* **Brief**: An exact copy of all the data below is needed, without its pictures.
*** Exercise data ***
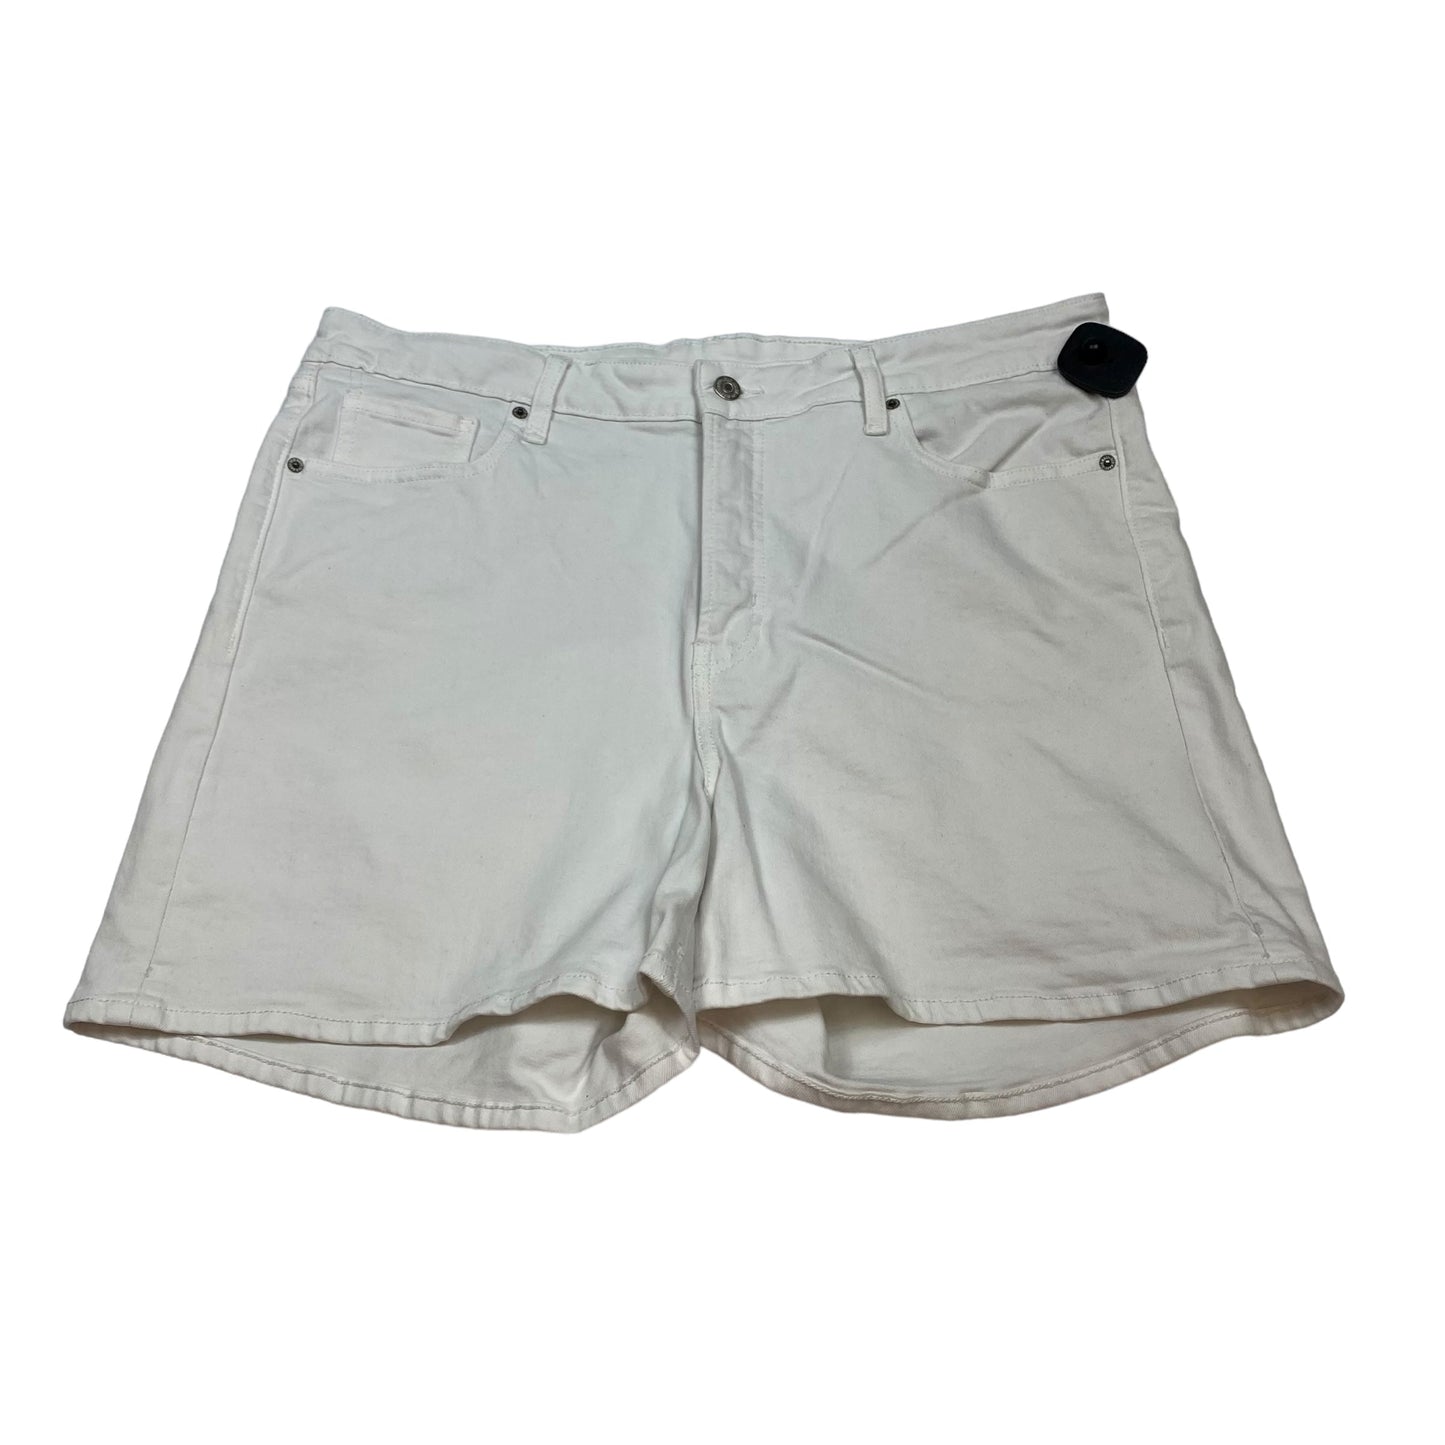 White Shorts Old Navy, Size 18
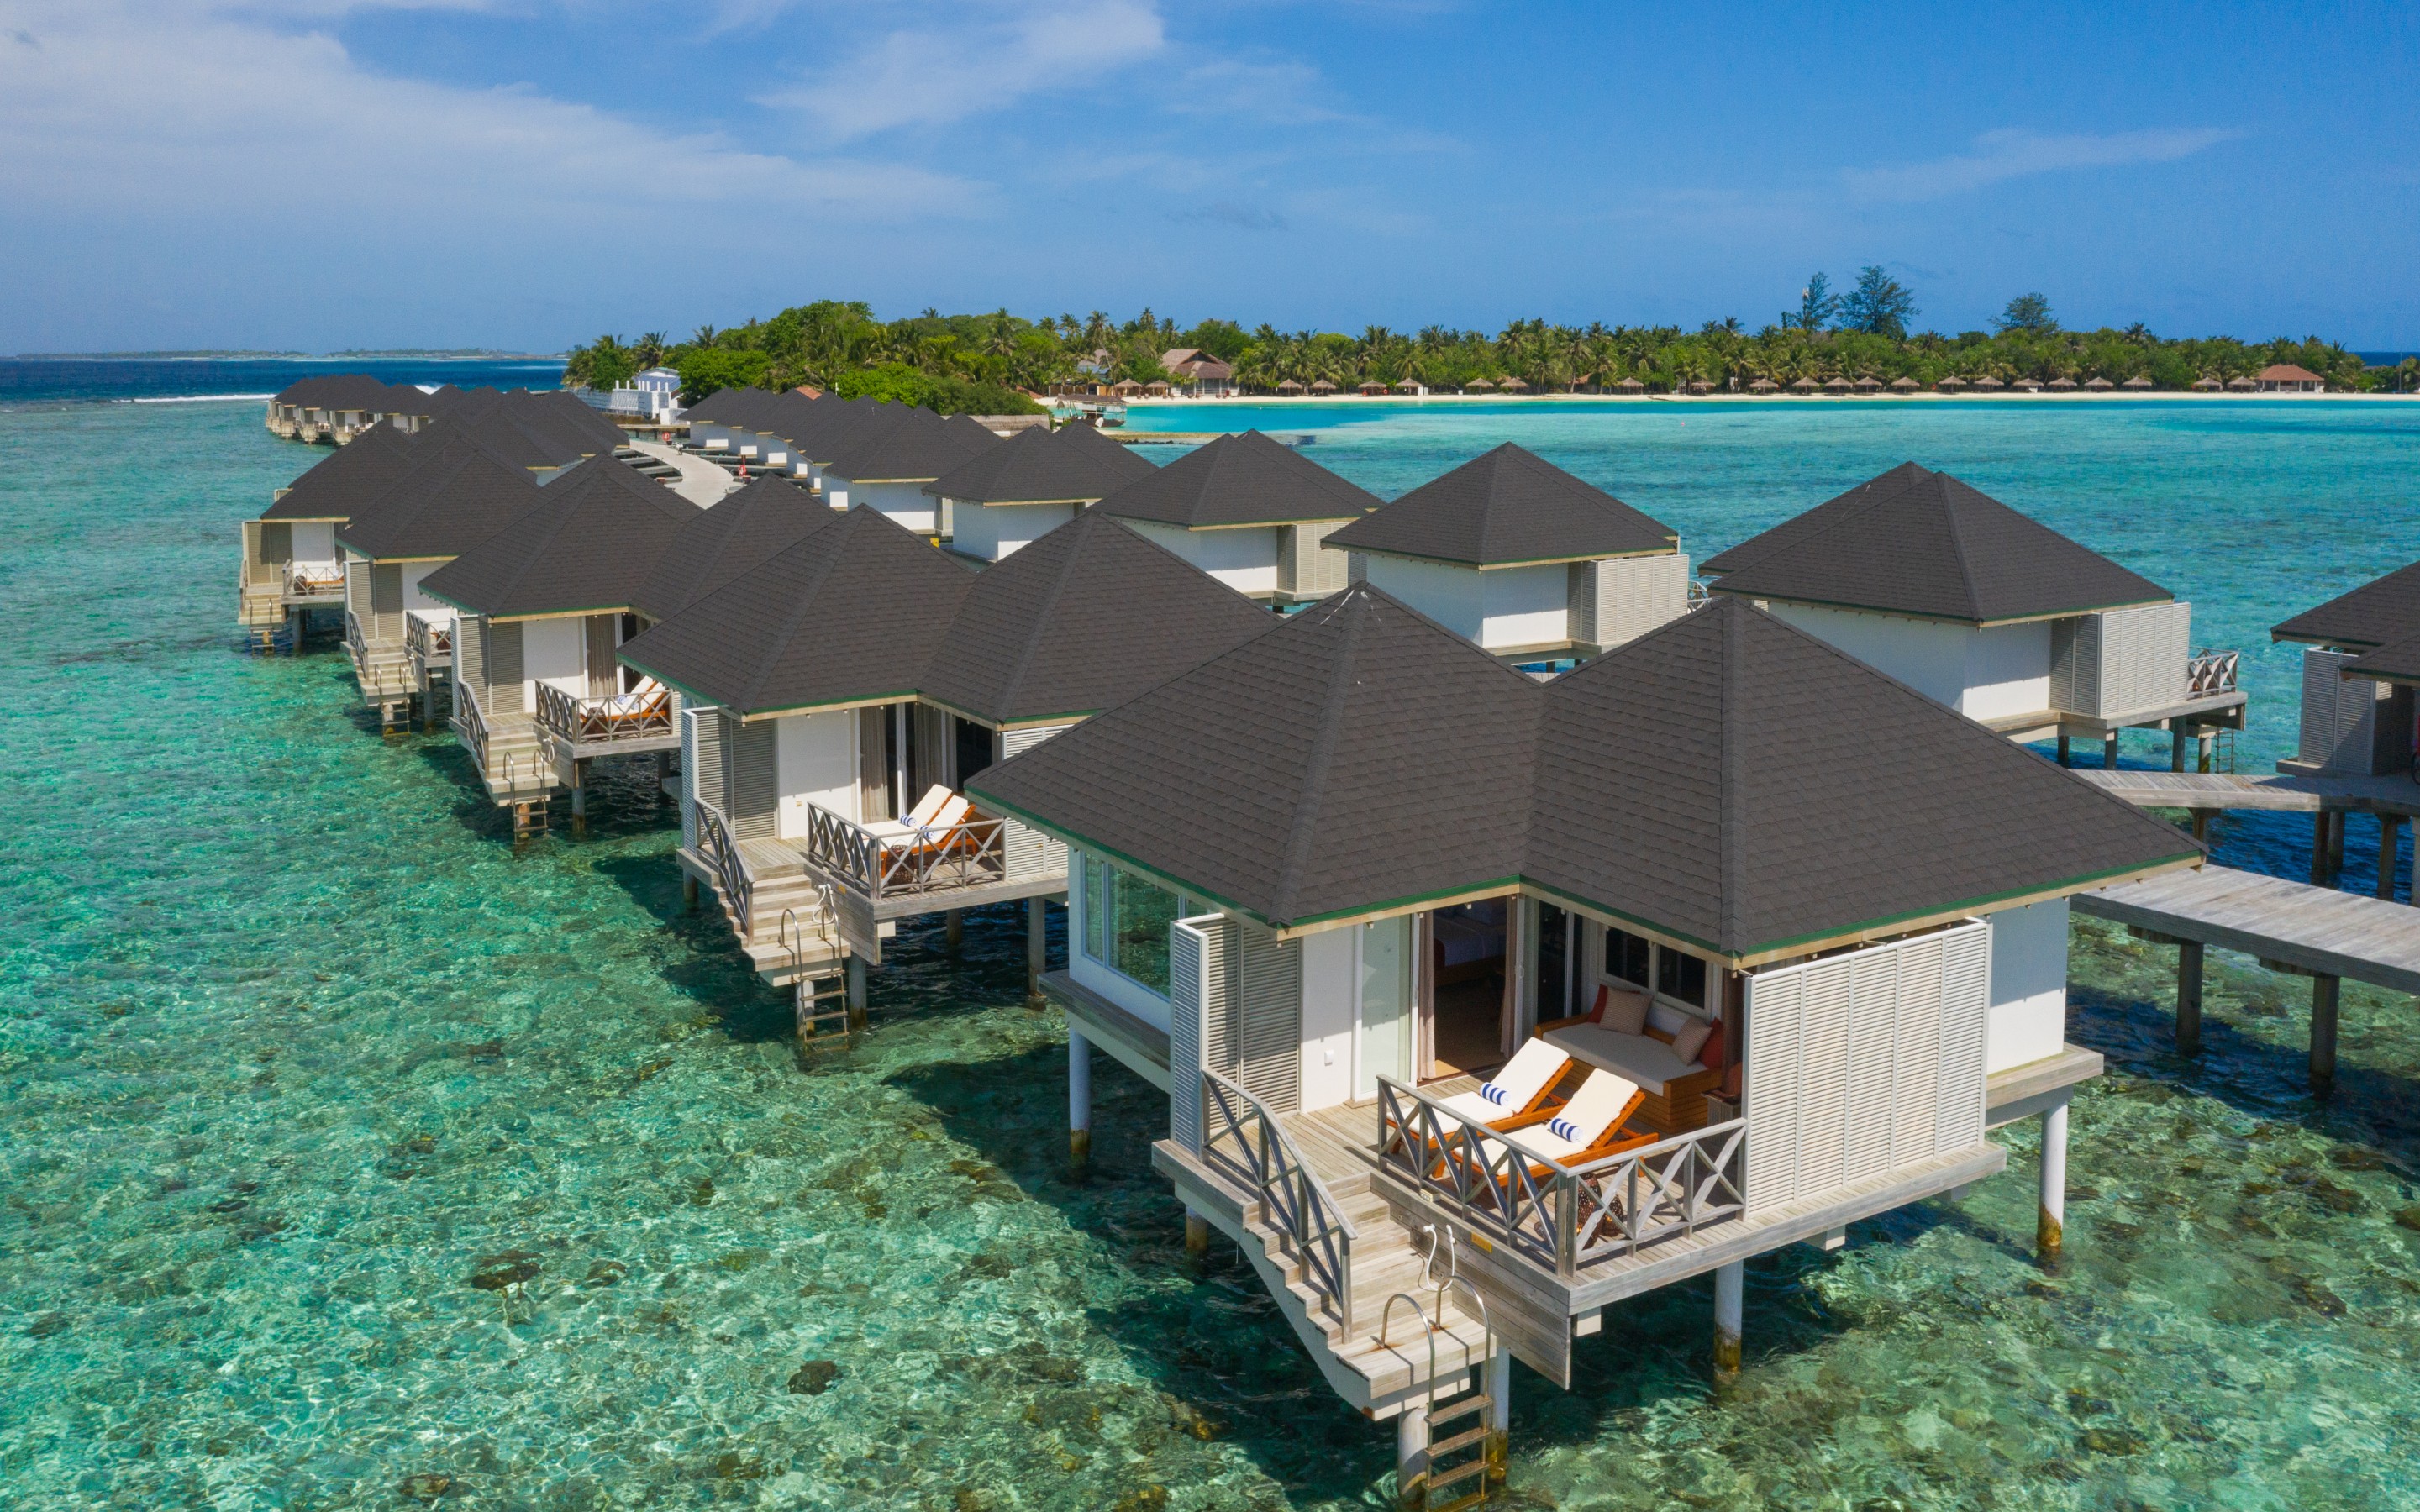 Cinnamon island. Мальдивы Cinnamon Dhonveli. Отель на Мальдивах Cinnamon Dhonveli Maldives. Отель Cinnamon Dhonveli Maldives 4. Синамон отель Мальдивы Синнамон Донвели.
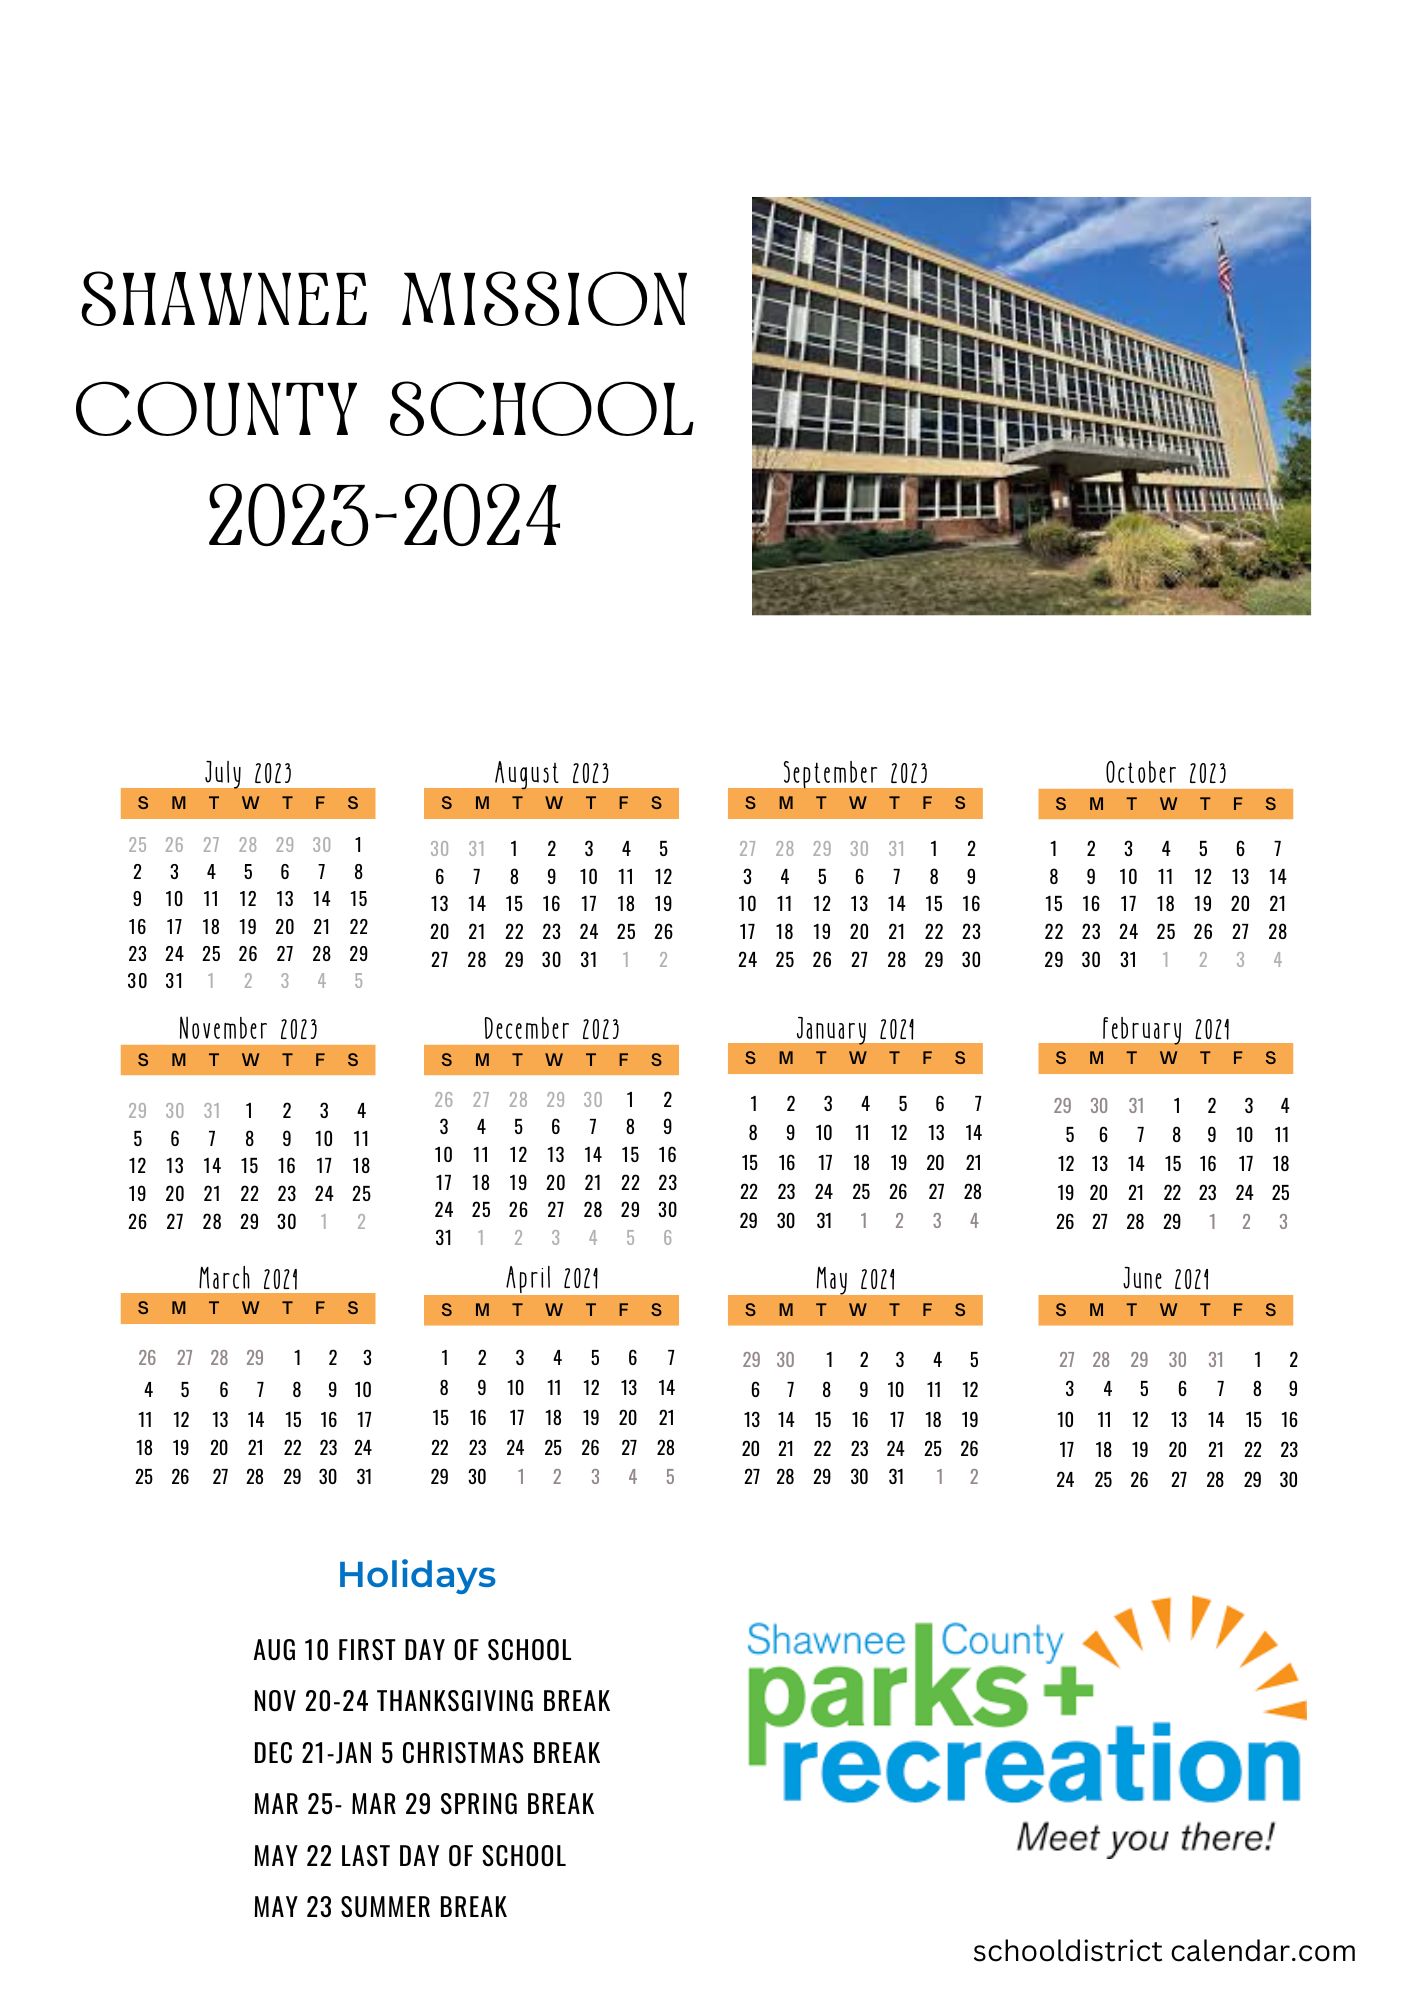 Shawnee Mission School District Calendar Holidays 20232024
*** End of Exercise data ***
* **Completed exercise**:
 White Shorts Old Navy, Size 18
 Cinnamon island. Мальдивы Cinnamon Dhonveli. Отель на Мальдивах Cinnamon Dhonveli Maldives. Отель Cinnamon Dhonveli Maldives 4. Синамон отель Мальдивы Синнамон Донвели.
 Shawnee Mission School District Calendar Holidays 20232024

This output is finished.